Дядька между тем сворачивает со своей крылатой свитой в сторону, и вопрос о странных свойствах его куртки остается невыясненным.
Дорога незаметно уходит вверх. Но это еще не гора. Мы только подходим к ее подножию. Пахнет сосновой смолой, грибами и еще какой-то приятной лесной прелью.
— Пап, а почему, когда у людей много всего, они не хотят этого?
Я останавливаюсь, поджидаю сына.
— Ты о чем?
— Почему, когда много воды, пить не хочется, а когда мало — хочется?
— Пить захотел?
Яроша кивает головой.
— Потерпи, сейчас к роднику выйдем.
Лес расступается, и перед нами открывается большая низина.
— Вон там, — указываю я на гряду камней на середине поляны.

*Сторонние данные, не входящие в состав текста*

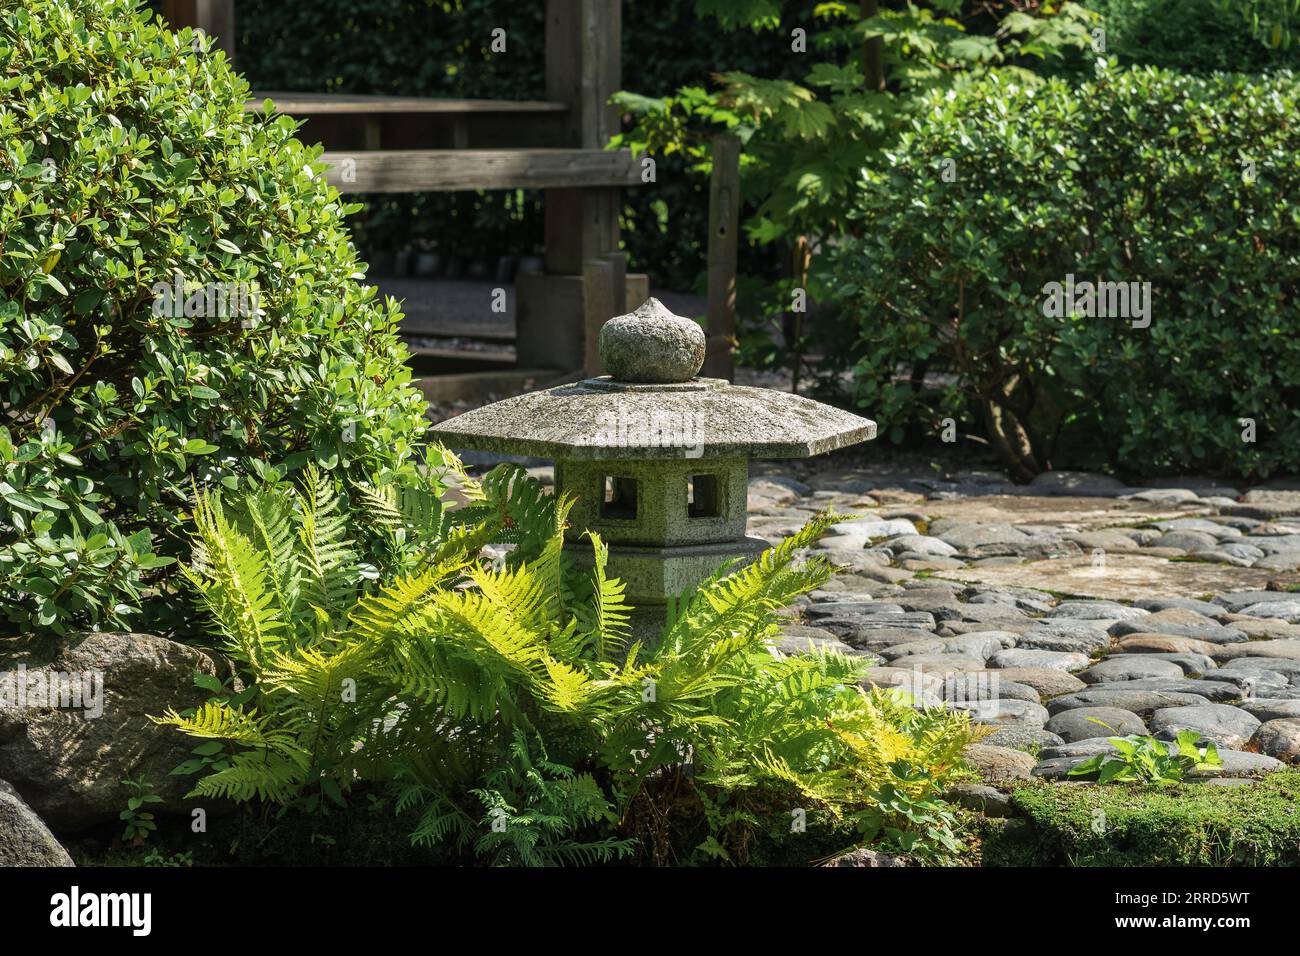 stone lantern amonf ferns in a Japanese garden Stock Photo
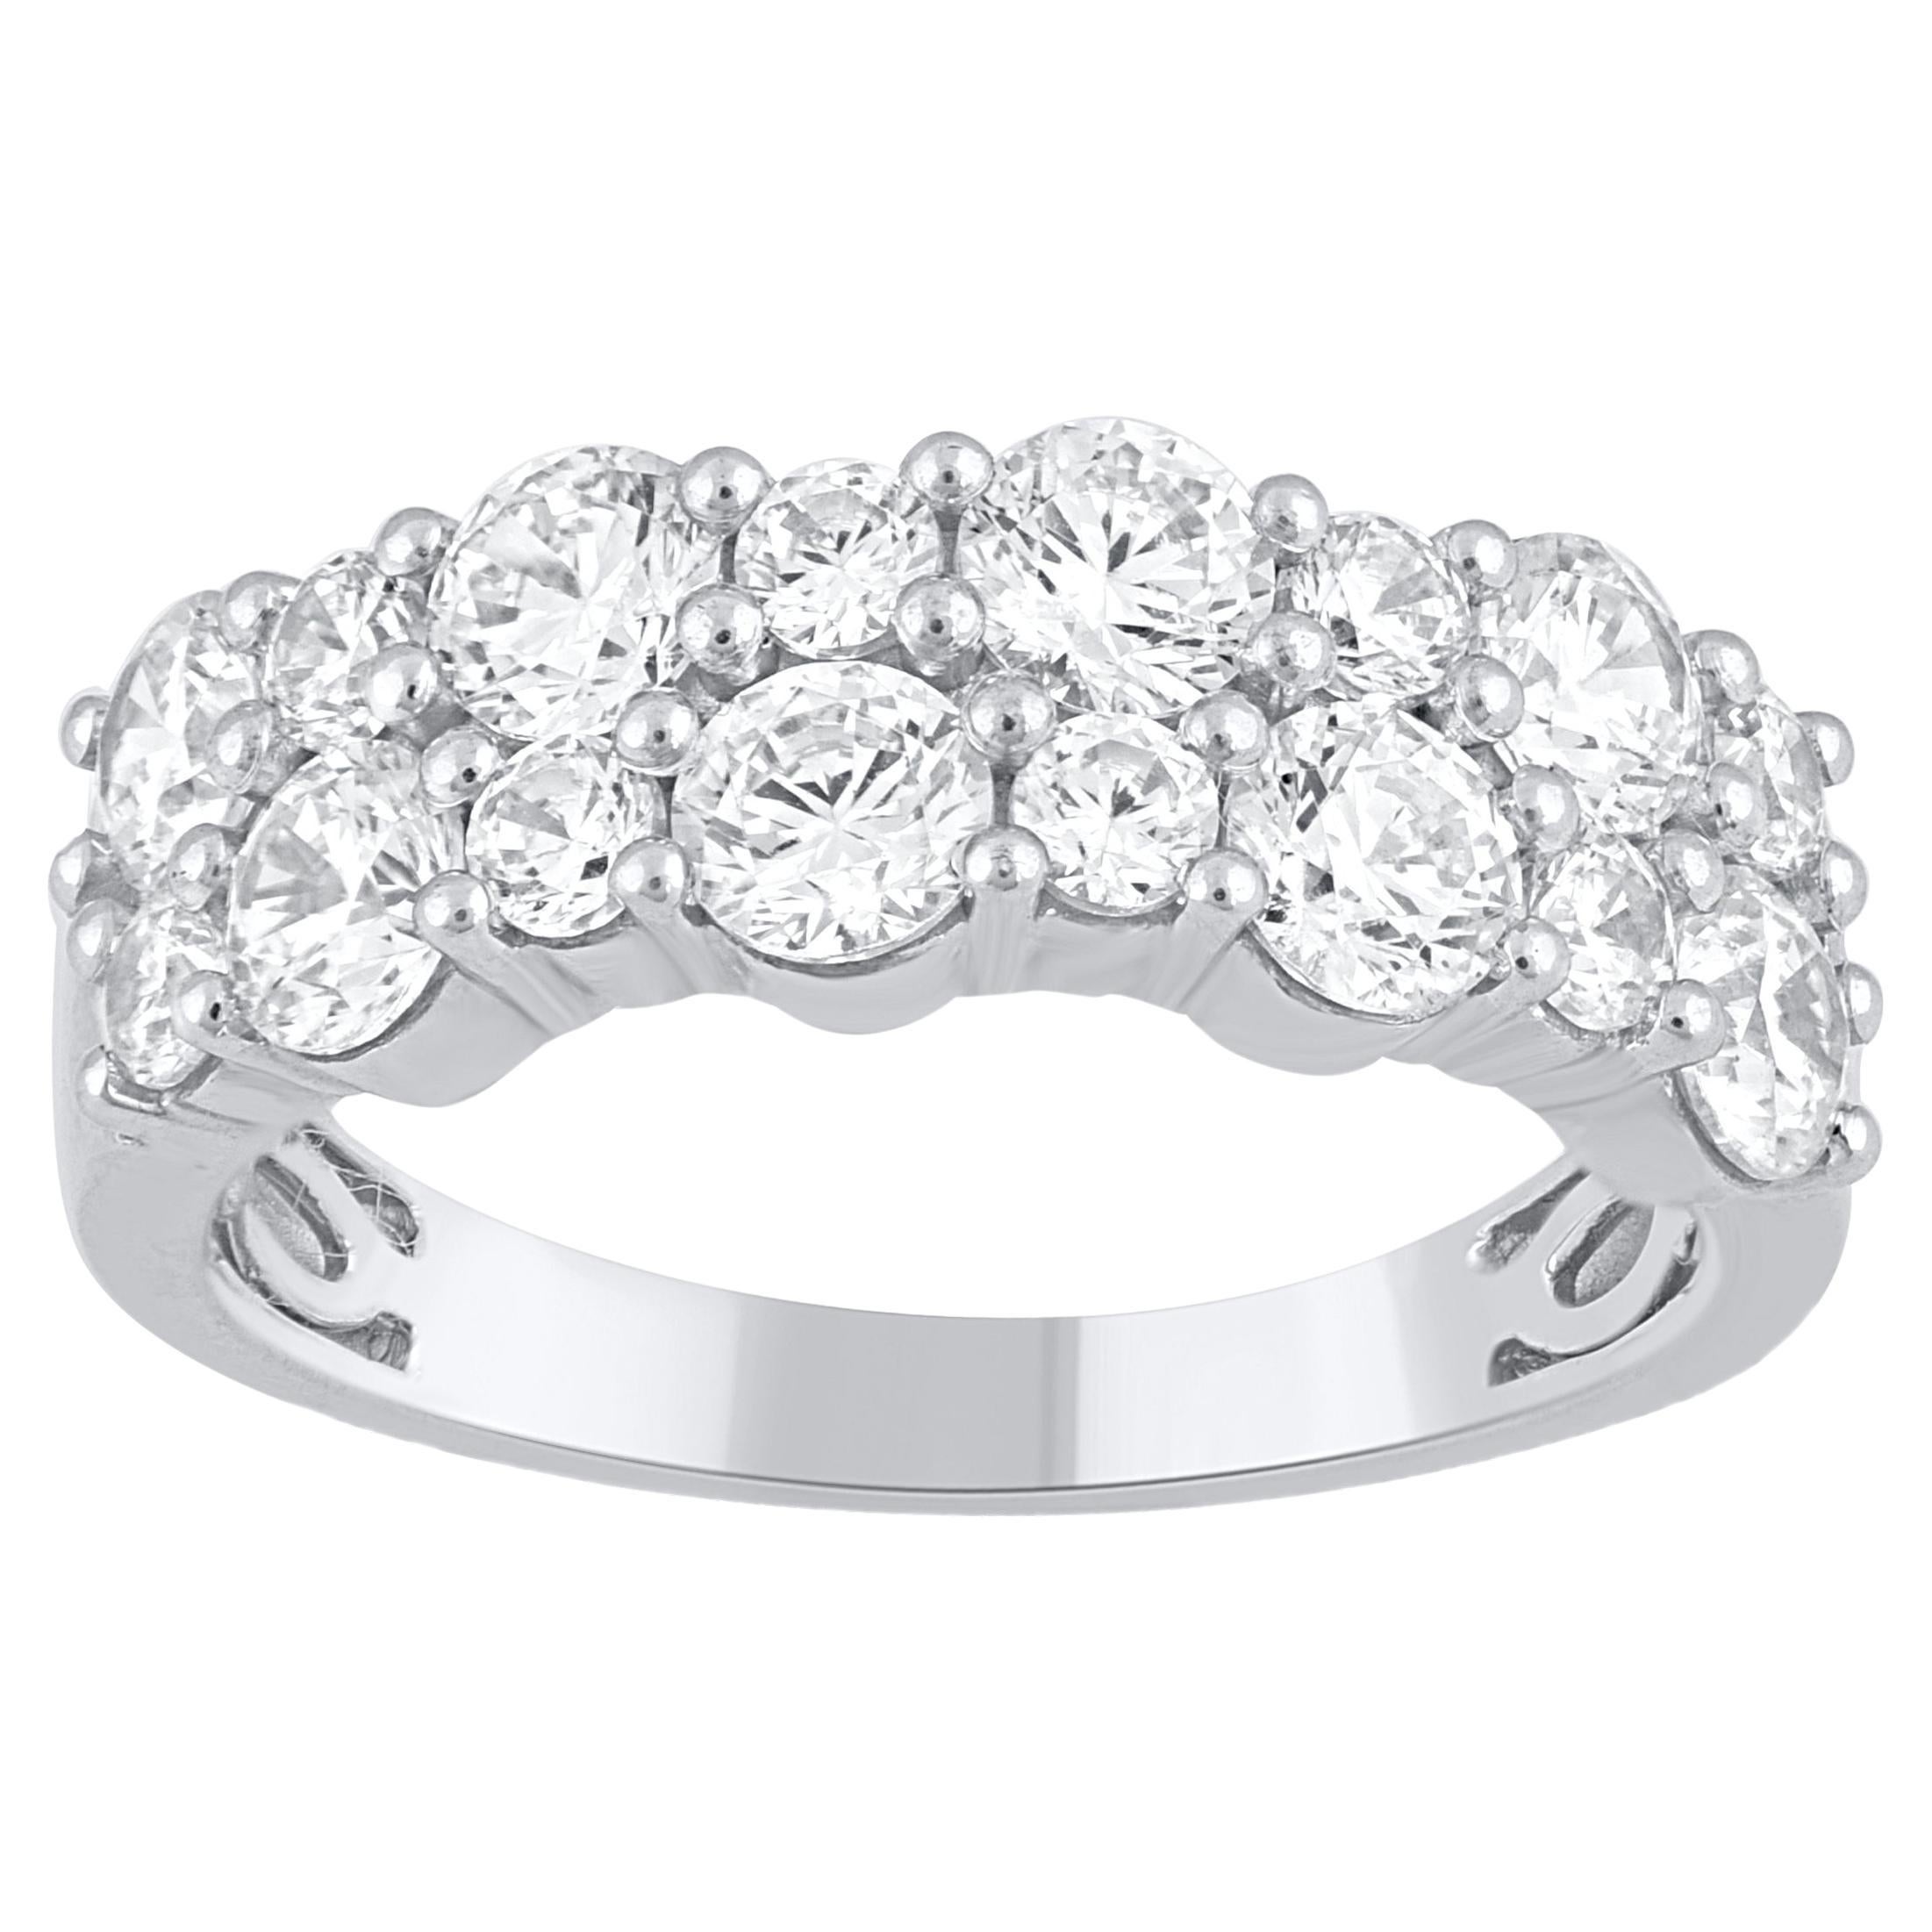 TJD 2.0 Carat Brilliant Cut Diamond 14Karat White Gold Two Row Wedding Band Ring (anneau de mariage à deux rangs en or blanc)

— Ура! — вопит Яроша и мчится к роднику. — Давай наперегонки!
Подбегаем одновременно и останавливаемся. Воды нет.
— М-да, — тяну я. — Пересохло. Жаркое лето.
Ярошка удрученно ковыряет еще влажную землю. Вытаскиваю бутылку с водой.
— Давай это попьем, что ли?
Яроша смотрит на бутылку, потом на чащобу. Отсюда горы не видно, но чувствуется, что стена леса уходит куда-то вверх. С высоты доносится ровный и низкий гуд.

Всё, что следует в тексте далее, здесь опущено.